Simulation is going to play an increasingly important role in the future of robotics, by providing a readable and writeable proxy for reality. The best robotics companies will have the best simulators, because that will be the cheapest, quickest, and safest way to iterate on and deploy intelligent systems in the real world.
As our robotic systems become capable of handling increasingly complex and varied settings, however, our simulators must become increasingly complex and varied to remain useful. And I believe we are going to hit a wall with traditional simulator development—a wall very similar to the one we hit with traditional computer vision before deep learning.
In the long run, then, we will need to learn our simulators from data, much more akin to how humans learn their world models, and much more akin to how the rest of modern robot learning systems work. There is no other way to handle the variety of the real world in a general and scalable way (e.g., An egg cracking, pouring out, sizzling on a frying pan. Or a paintbrush dipping into a bucket, dragging across the wall, leaving a streak of red paint behind).
The Learned Simulator
Traditional simulators provide a nice conceptual blueprint for the future of learned simulators. Traditional simulators are fairly general and reusable tools; they can be reprogrammed for many tasks; they have nice structure that enables us to interface with them and visualize their results in interpretable formats; they are built up from a central codebase, where effort and insights can pile up over time in a central place and compound, rather than needing to be constructed from scratch for each environment or task.

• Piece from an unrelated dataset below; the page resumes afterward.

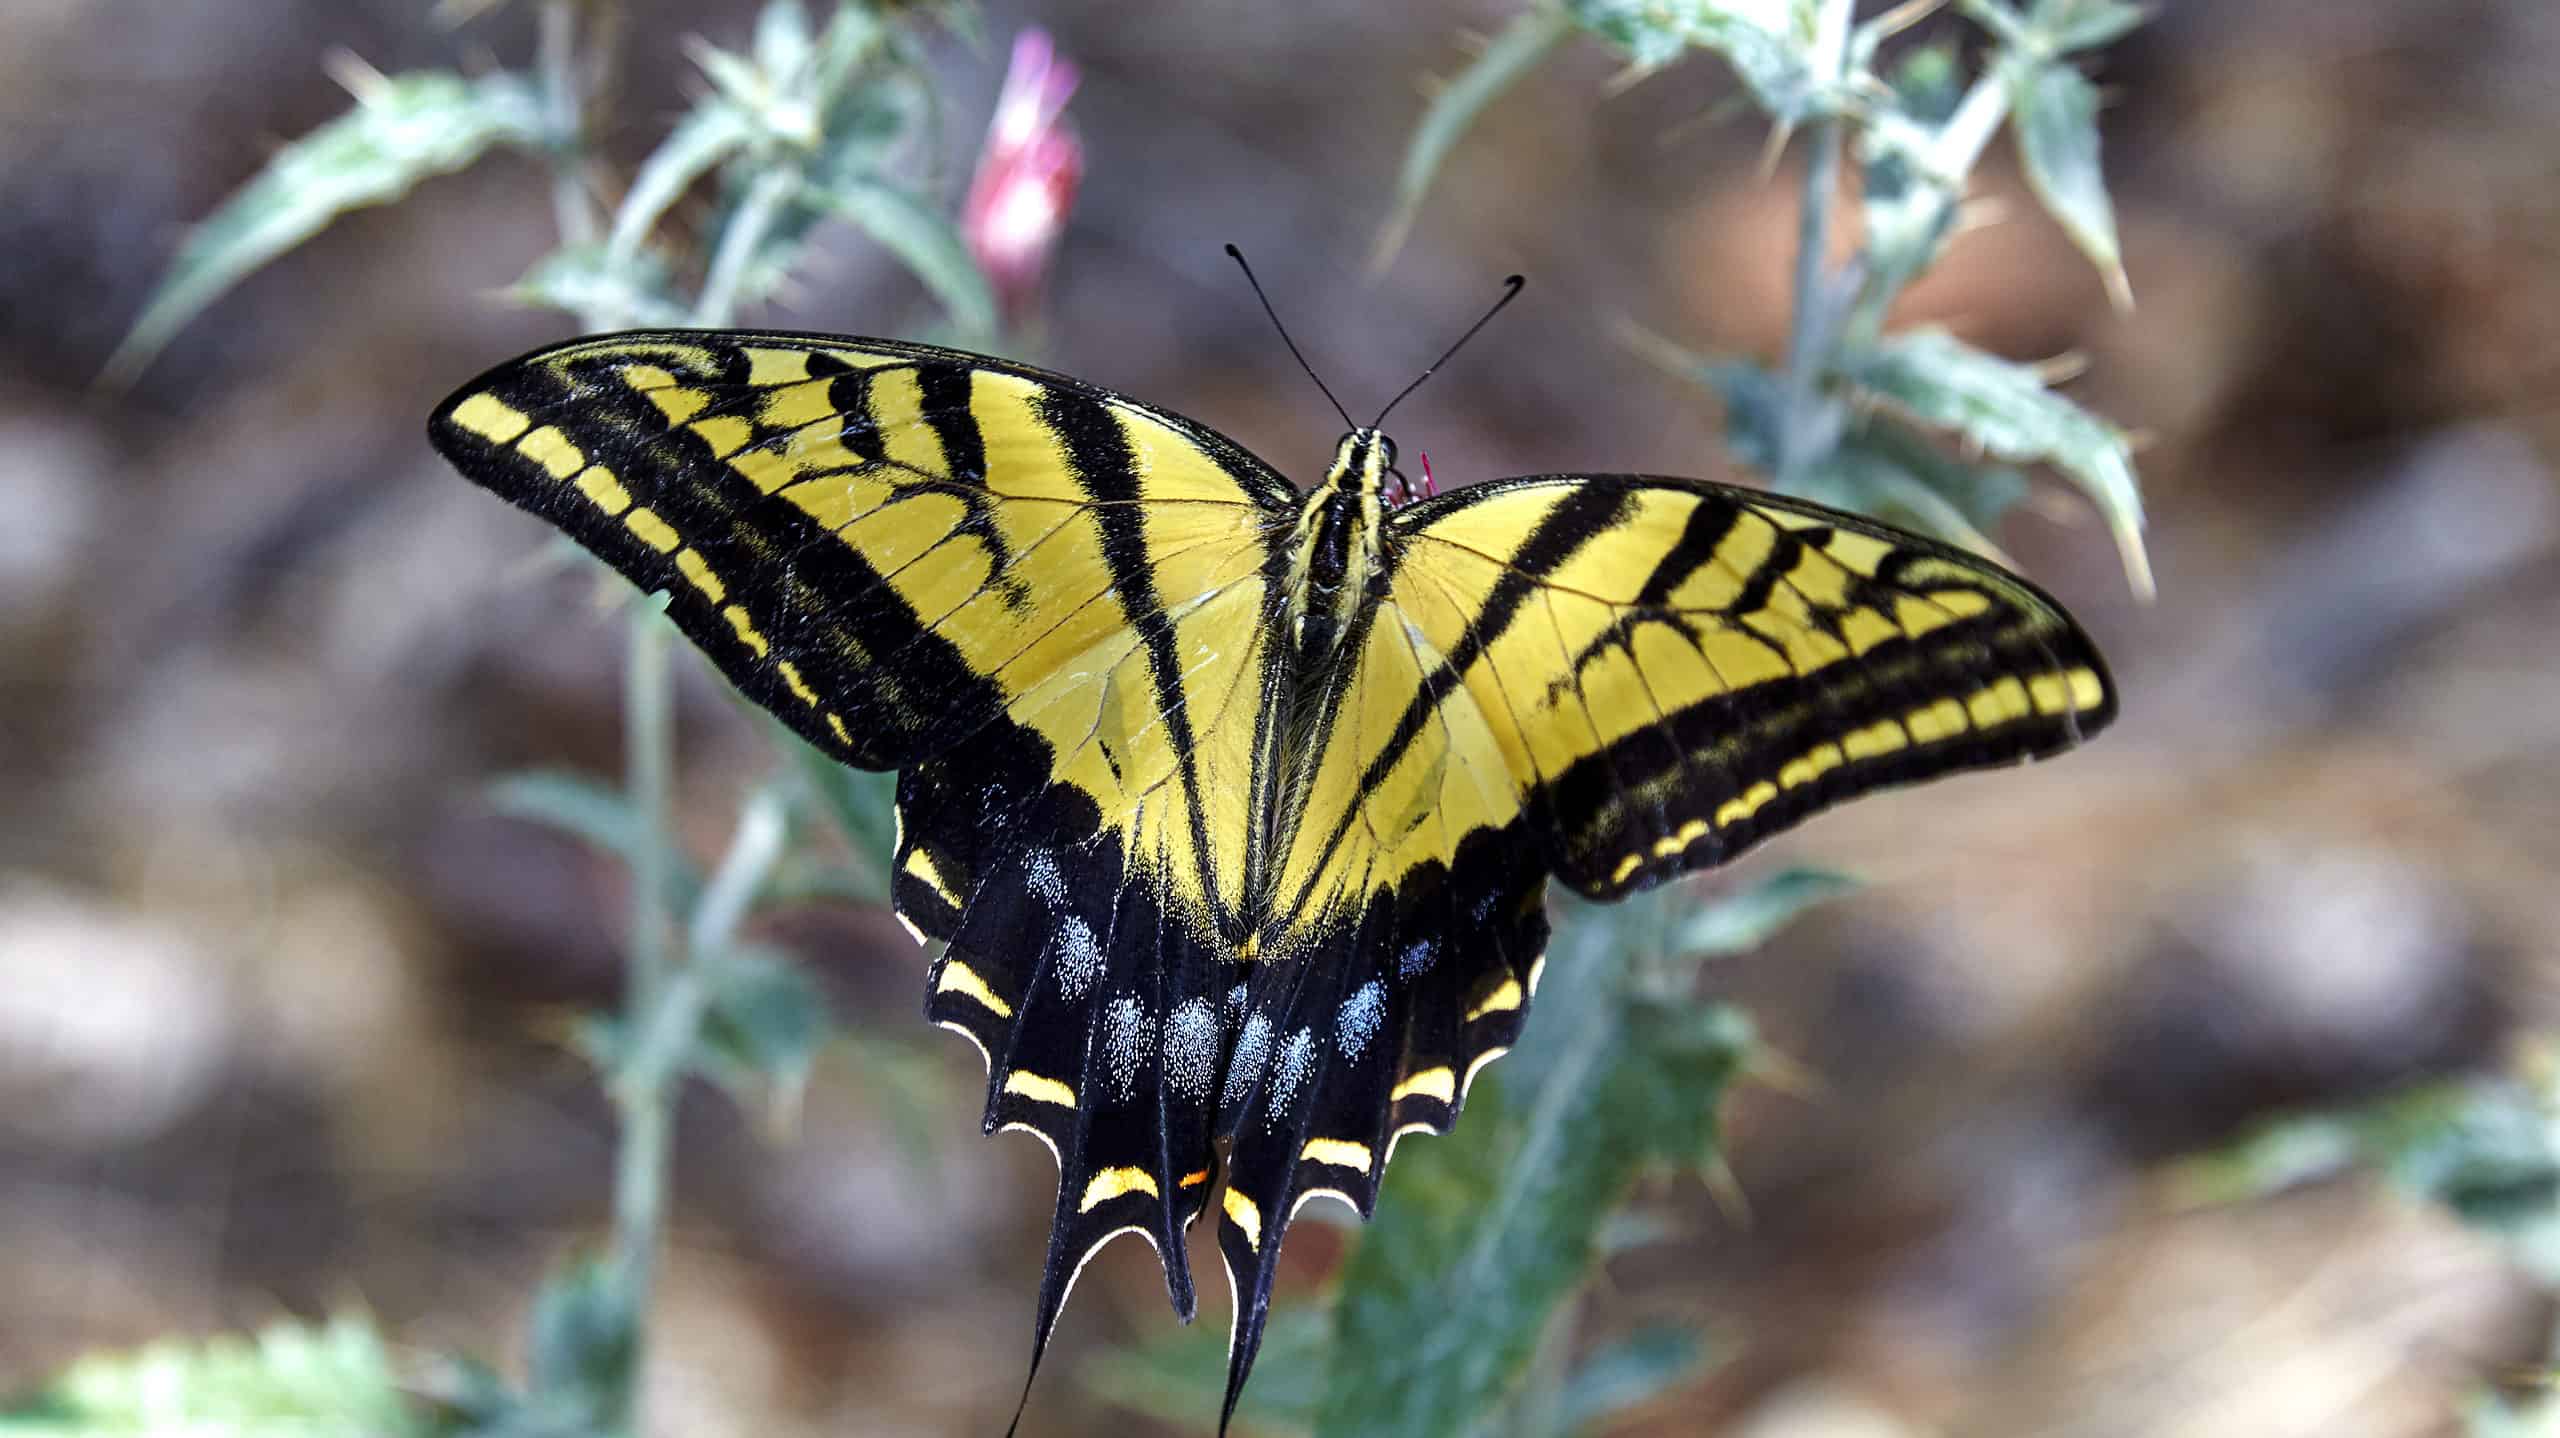 Two-tailed swallowtail butterfly collecting nectar from flower

But traditional simulators are limited in many ways, and ultimately by introducing learned components, we can go far beyond what they are currently capable of. Beyond additional accuracy and variety, the Learned Simulator will be much easier to use and will enables things like:
Automatic grounding. Instead of defining YAML/XML files to specify all the details and possible things we want to vary over, we could naturally “prompt” the model to simulate what we want. It could absorb videos, still images, text, sound, technical drawings, robot specifications, meshes—any modality that we could encode with a neural network—and spit out a simulator description. We could film a quick video of our scene, with some robot specifications, command data and proprioception, and get out a calibrated and general simulation of the scene and the robot.
Native rendering. On the flip side of grounding is rich rendering coming directly from the model. Instead of dealing with complex rendering APIs or designing custom visuals for effects like smoke or dust, we could just query the model, and as long as it has sufficient video data of these effects, it could render them.
Repeatability and controllability. For training, we could induce specific and repeatable settings that we want our agent to practice, using natural interfaces (video, text). We could debug our system by pulling in failures from the fleet, embedding similar scenarios in the simulator, and creating behavioral unit and integration tests.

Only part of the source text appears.